在前文已经讲述ReentrantLock如何使用,本章将对源码进行分析。
在ReentrantLock的构造函数中,我们看到,默认采用的是非公平锁
public ReentrantLock() {
sync = new NonfairSync();
}
在类图中,我们看到了如雷贯耳的AQS,下面先分析AQS
1.1. AQS是啥
根据源码doc,AQS是一个依赖FIFO,用于实现堵塞锁和同步器的框架,且其子类最好定义为内部类
其核心就是双端同步队列
1.2 双端核心队列
队列有Node节点构成,其是一个内部静态类,
* +------+ prev +-----+ +-----+
* head | | <---- | | <---- | | tail
* +------+ +-----+ +-----+
源码如下:
static final class Node {
/** Marker to indicate a node is waiting in shared mode */
//共享锁等待的节点
static final Node SHARED = new Node();
/** Marker to indicate a node is waiting in exclusive mode */
//排他锁
static final Node EXCLUSIVE = null;
/** waitStatus value to indicate thread has cancelled */
static final int CANCELLED = 1;
/** waitStatus value to indicate successor's thread needs unparking */
static final int SIGNAL = -1;
/** waitStatus value to indicate thread is waiting on condition */
static final int CONDITION = -2;
/**
* waitStatus value to indicate the next acquireShared should
* unconditionally propagate
*/
static final int PROPAGATE = -3;
/**
* Status field, taking on only the values:
* SIGNAL: The successor of this node is (or will soon be)
* blocked (via park), so the current node must
* unpark its successor when it releases or
* cancels.

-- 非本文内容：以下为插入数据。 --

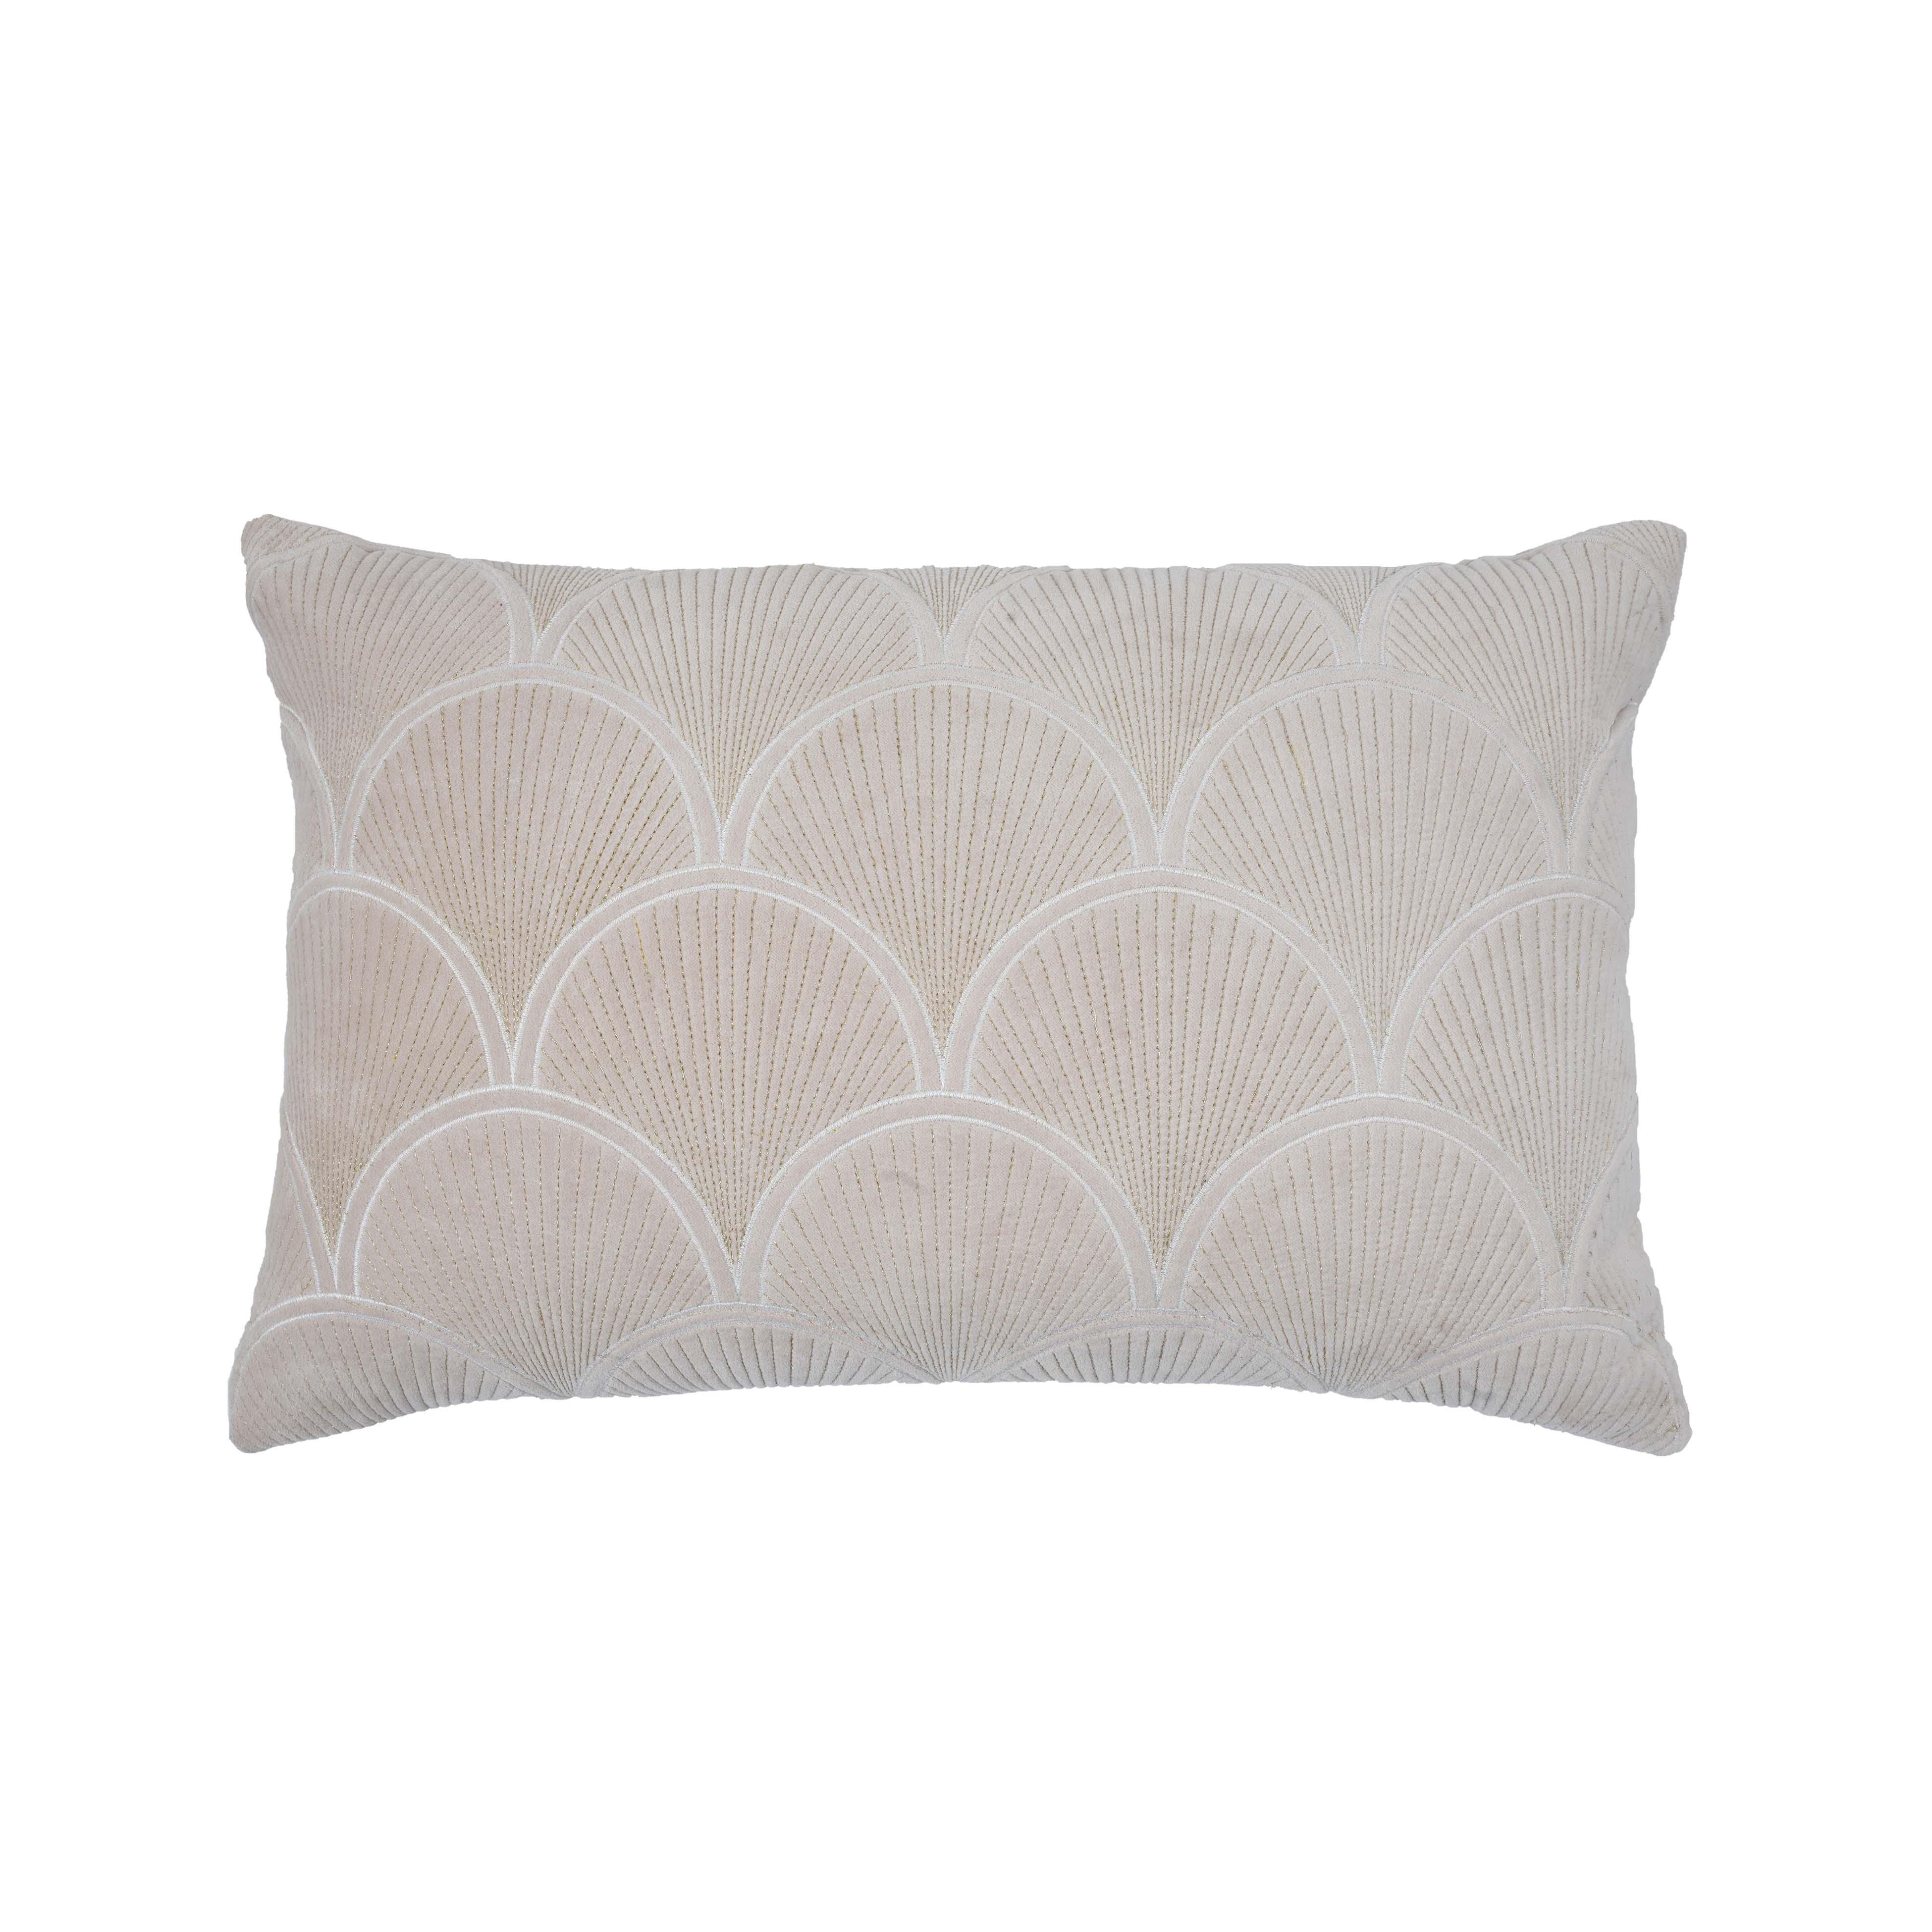 Tov Furniture Pillows - Destiny White Woven Cushion
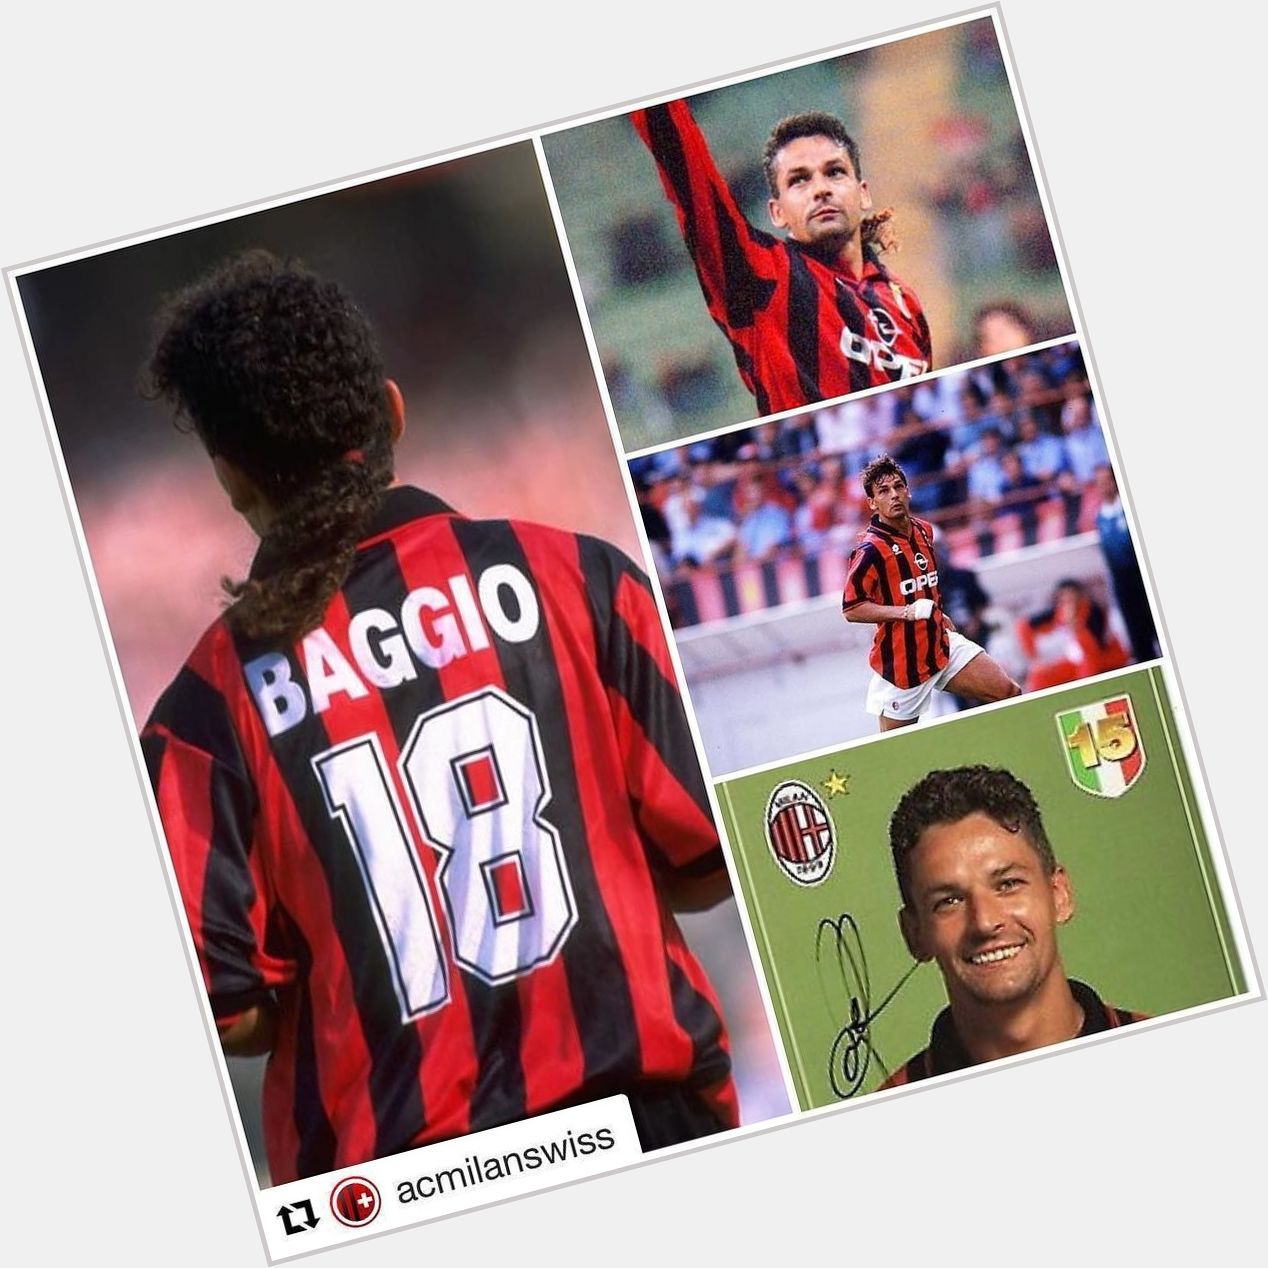      HAPPY BIRTHDAY BAGGIO! Roberto Baggio turns 50 years old today.

To avoid races, acquire methods must
* first indicate they need a signal,
* then retry the atomic acquire, and then,
* on failure, block.
* CANCELLED: This node is cancelled due to timeout or interrupt.
* Nodes never leave this state. In particular,
* a thread with cancelled node never again blocks.
* CONDITION: This node is currently on a condition queue.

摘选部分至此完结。